◆ EXERCISE DATA ◆

- - -

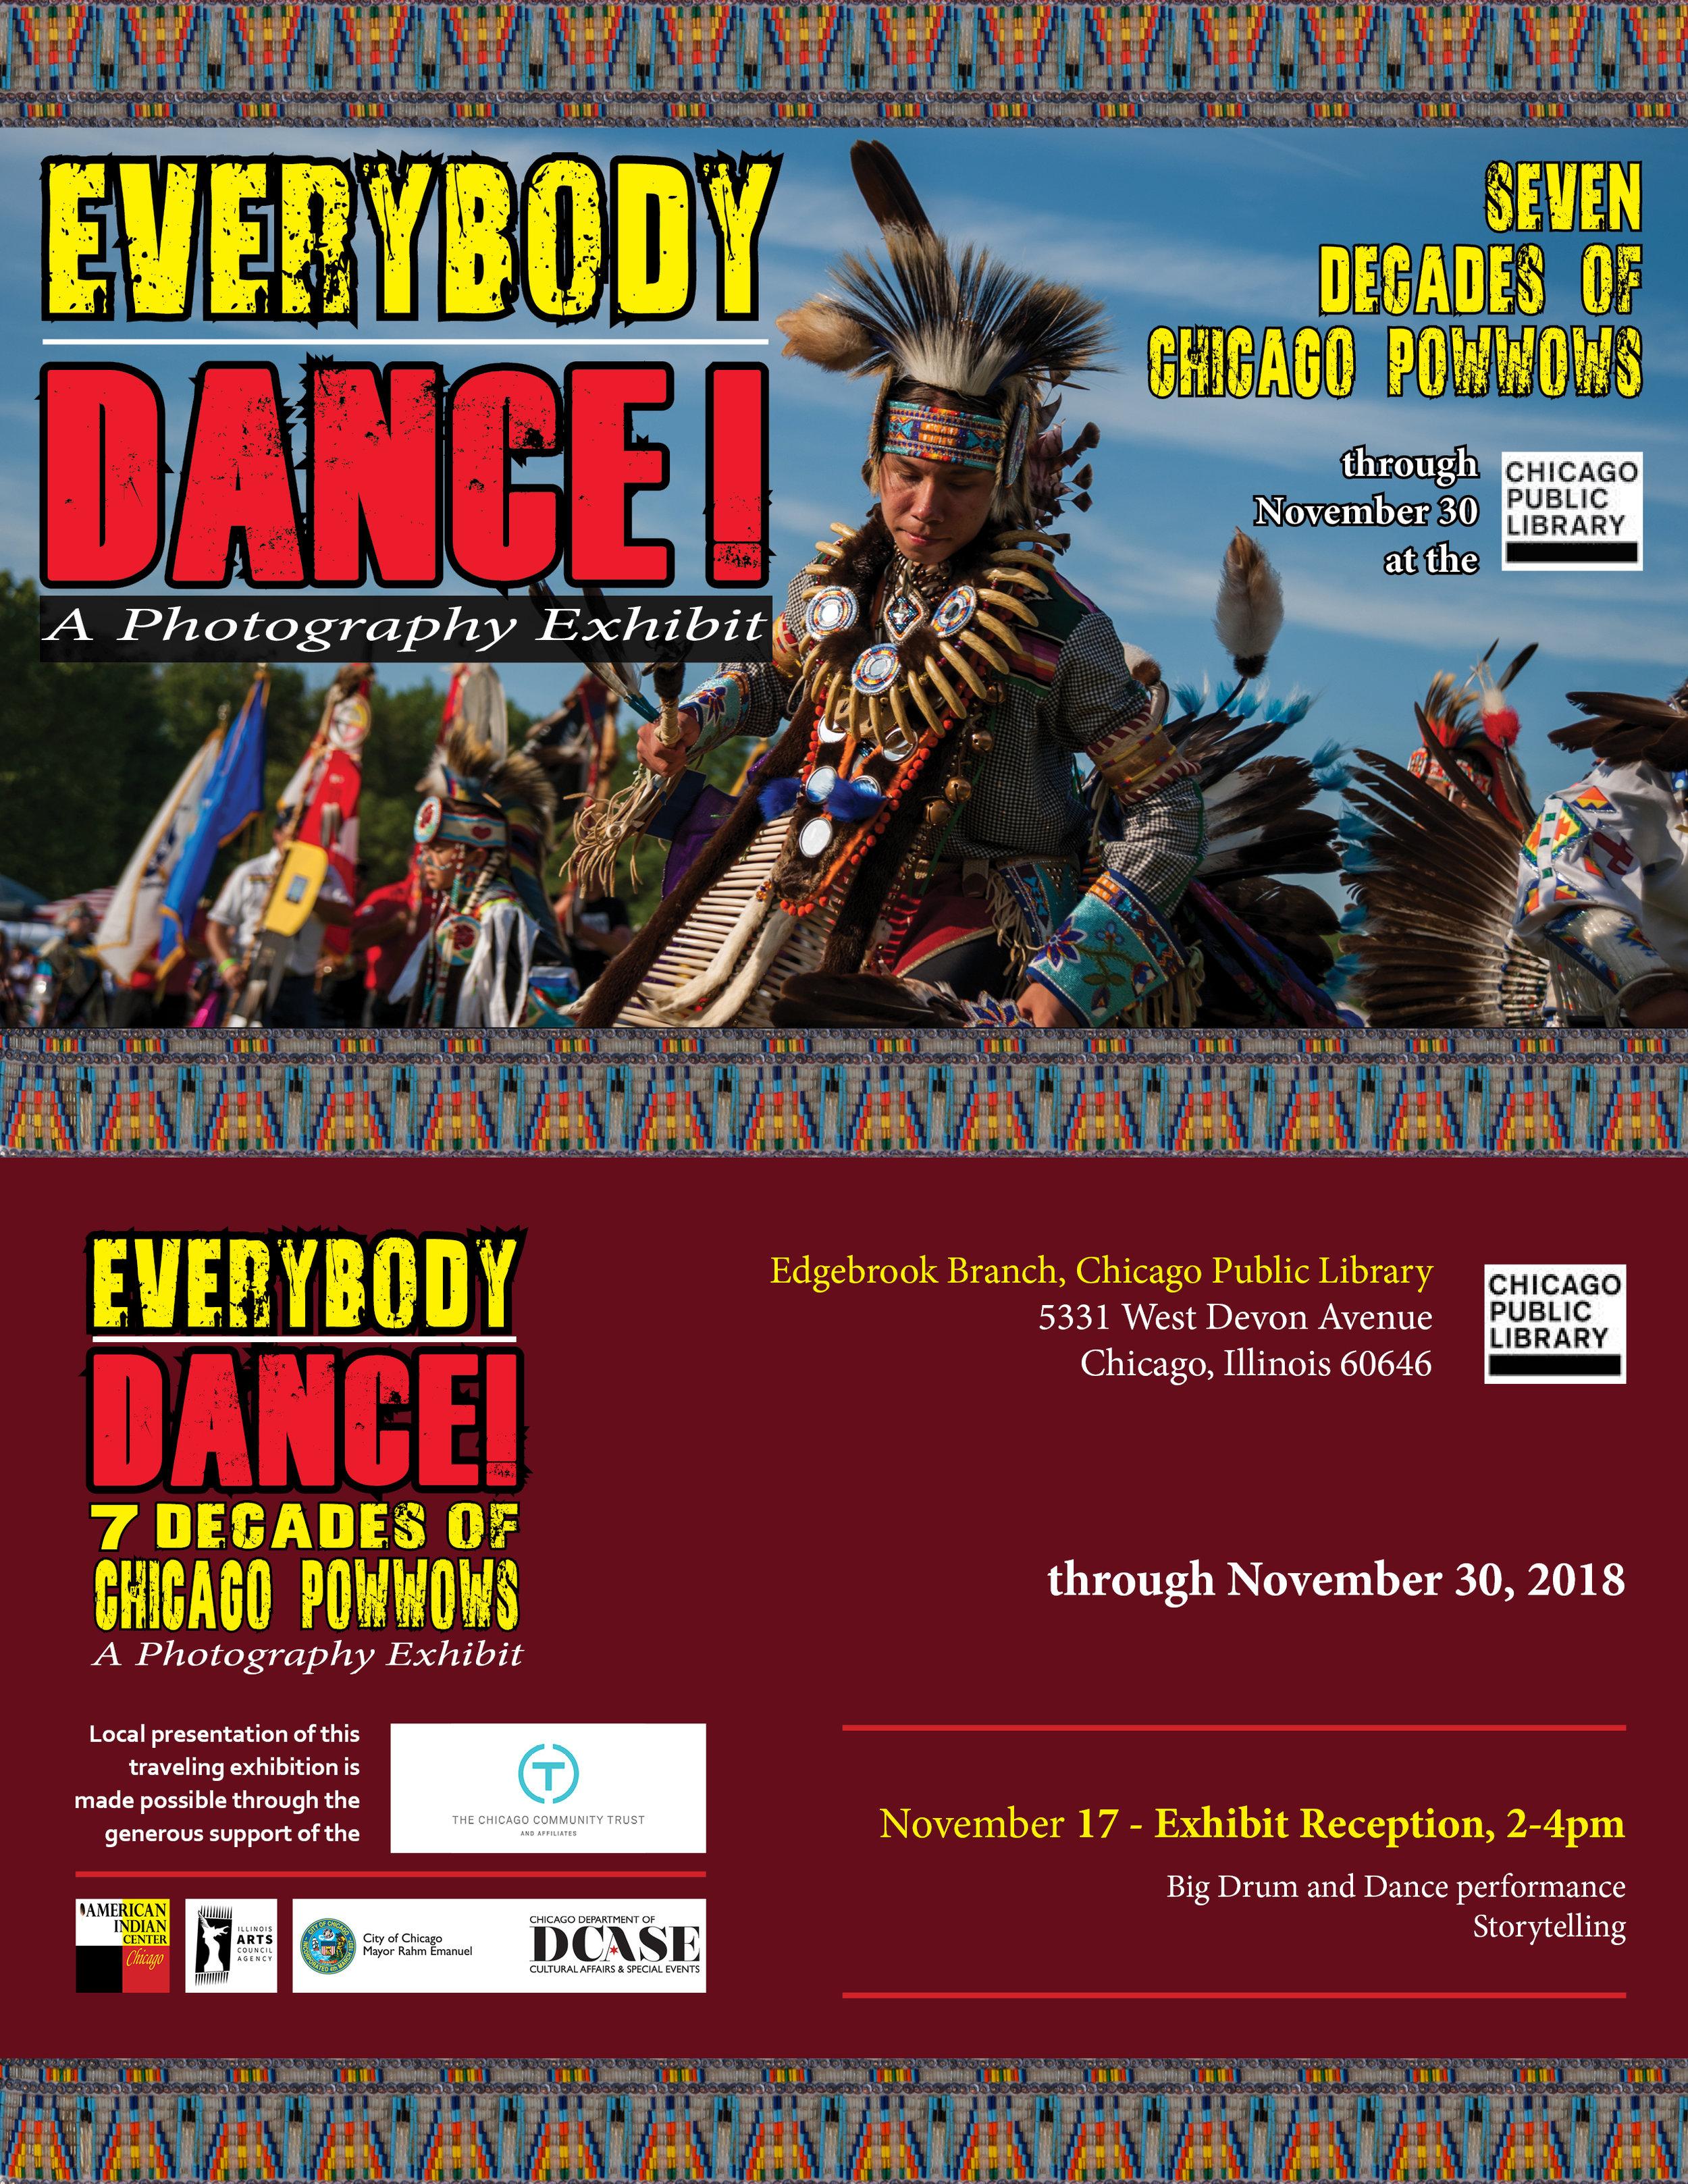 Exhibit runs through November 30th
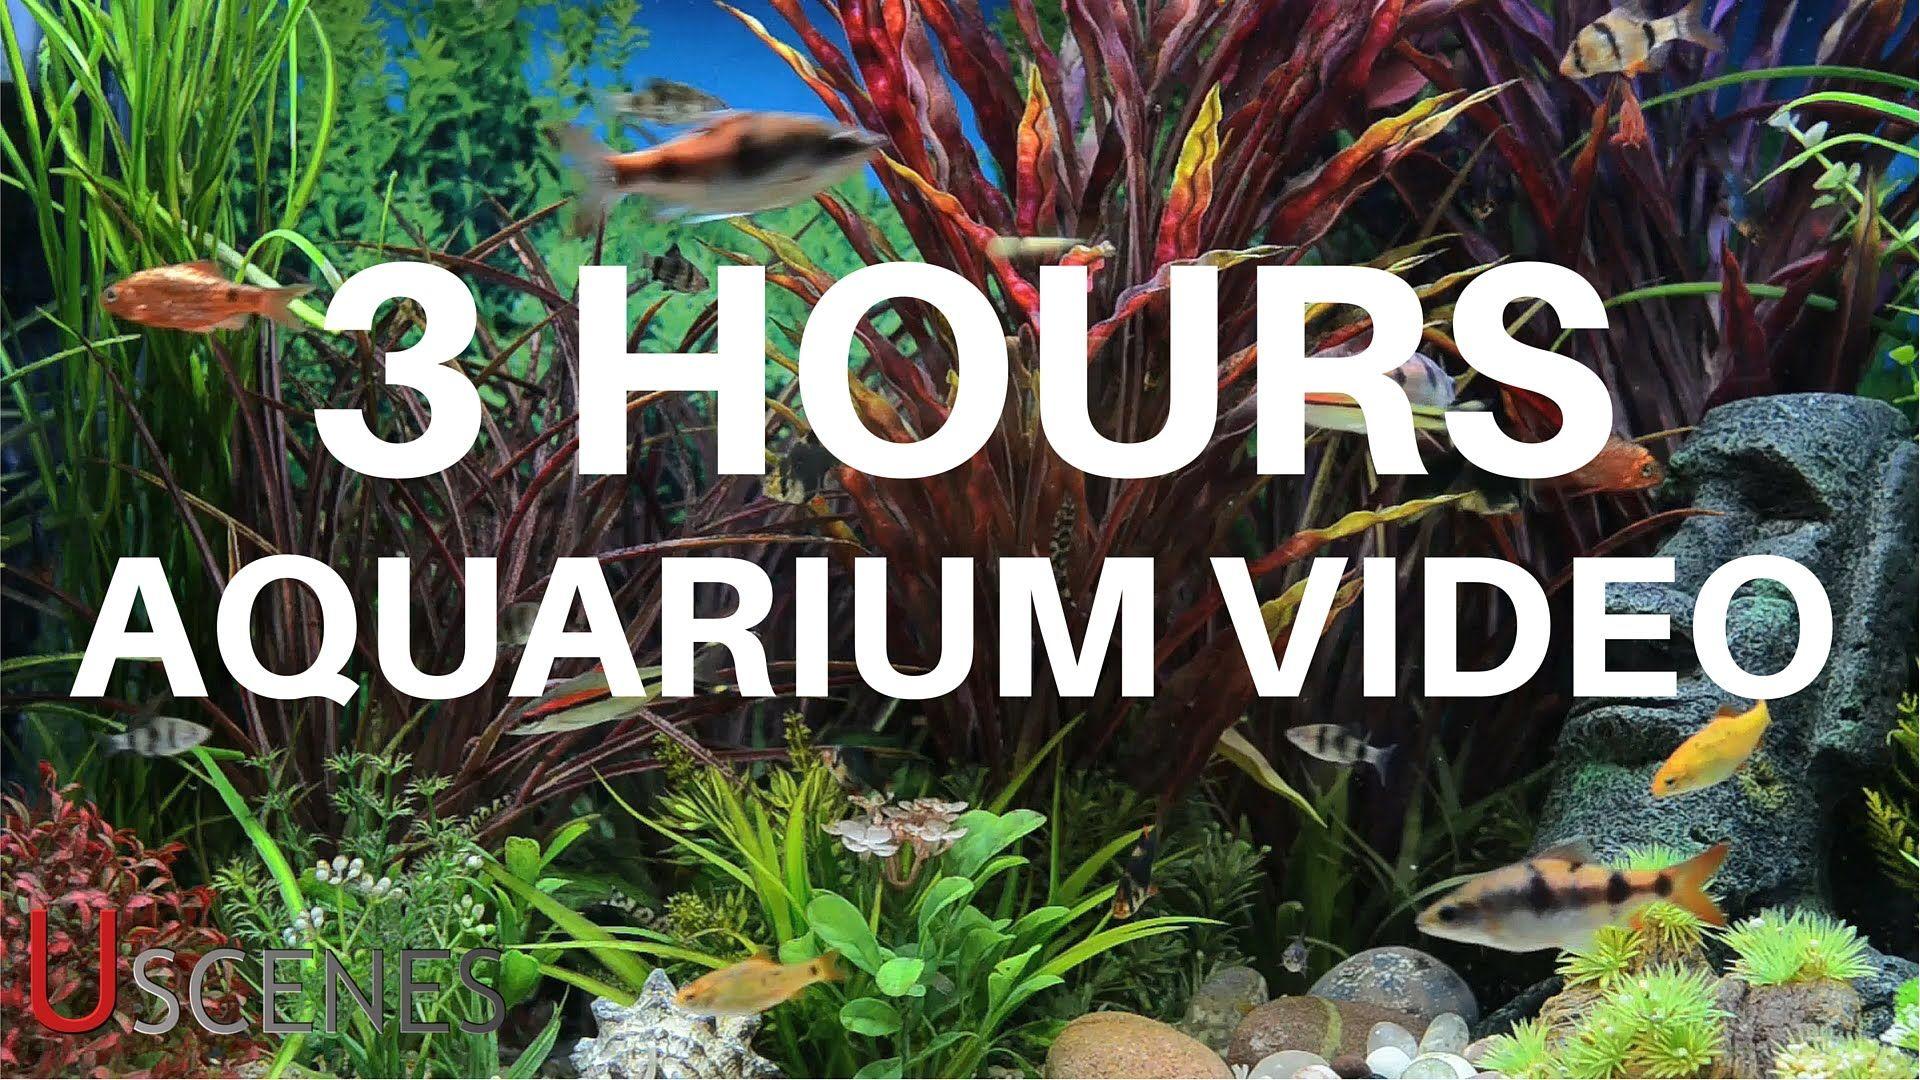 3 Hour Aquarium Video by Uscenes FREE TV SCREENSAVER Hogar
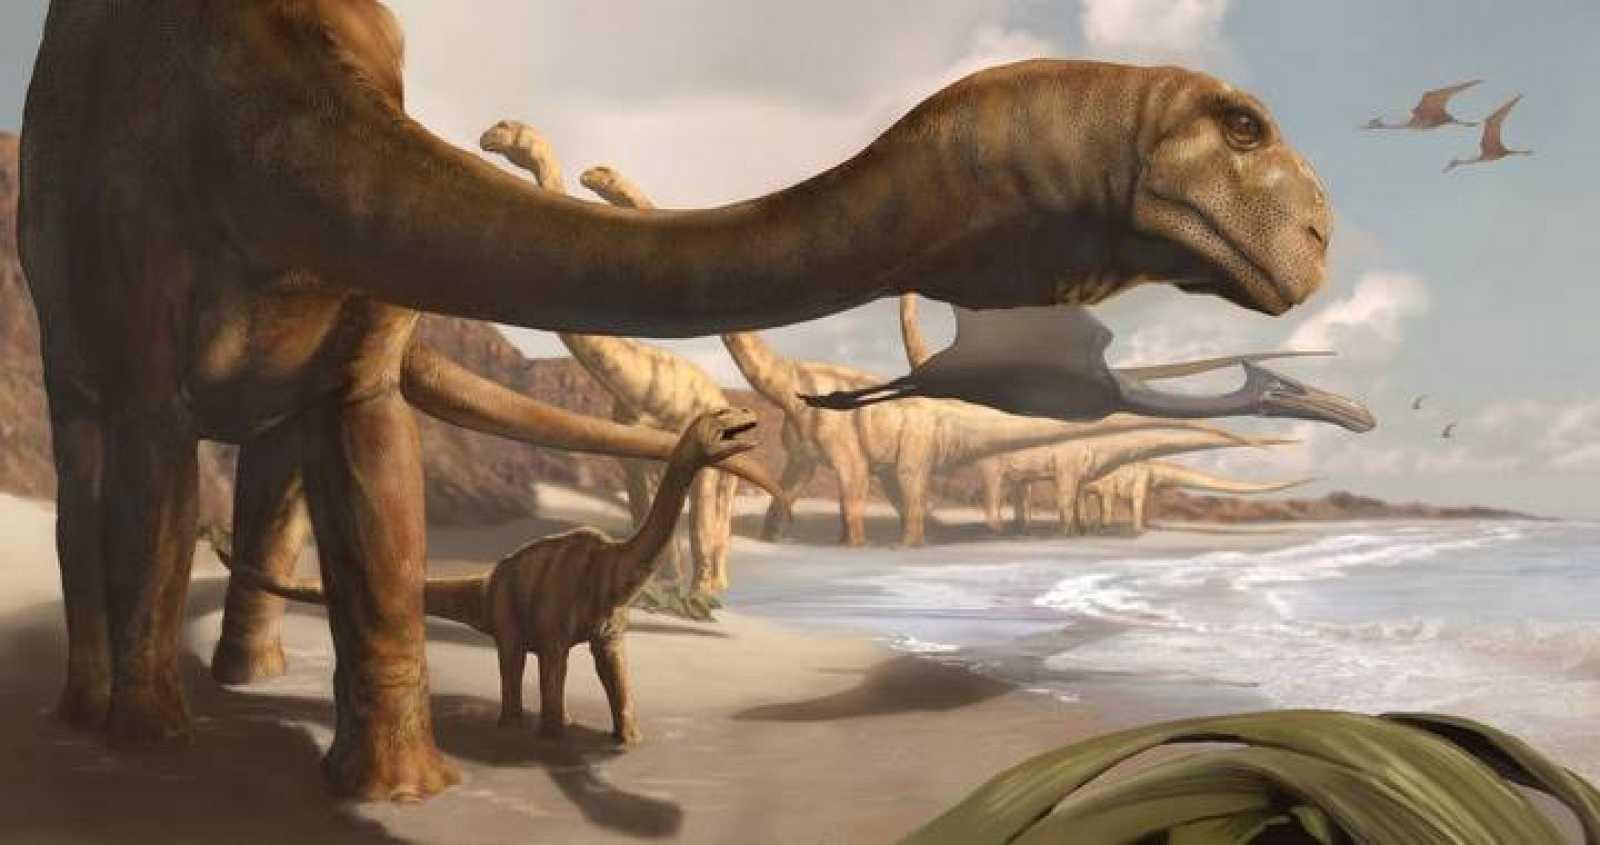 Recreación artística del gigante angoleño Adamastor, el último saurópodo primitivo
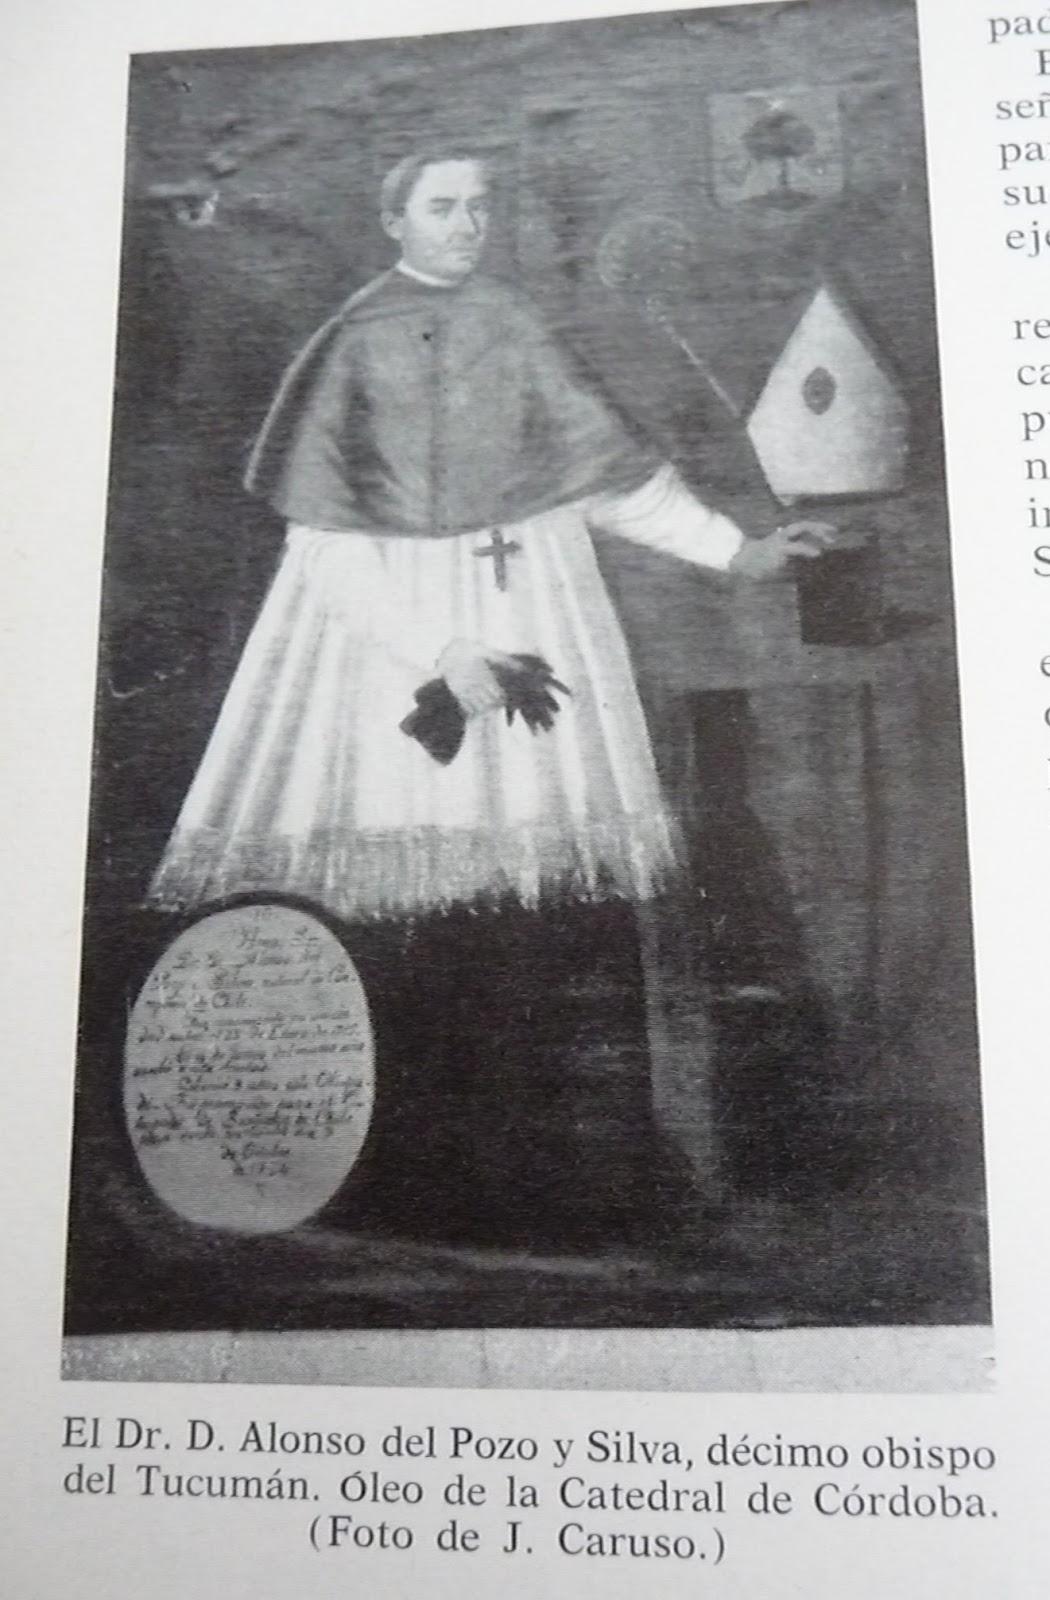 Resultado de imagen de Alonso del Pozo y Silva obispo

- - -

◆ TASK DIRECTIONS ◆
When you copy the listing above, reproduce every line exactly and skip the images.

◆ EXERCISE ANSWER ◆
 Exhibit runs through November 30th
 3 Hour Aquarium Video by Uscenes FREE TV SCREENSAVER Hogar
 Recreación artística del gigante angoleño Adamastor, el último saurópodo primitivo
 Resultado de imagen de Alonso del Pozo y Silva obispo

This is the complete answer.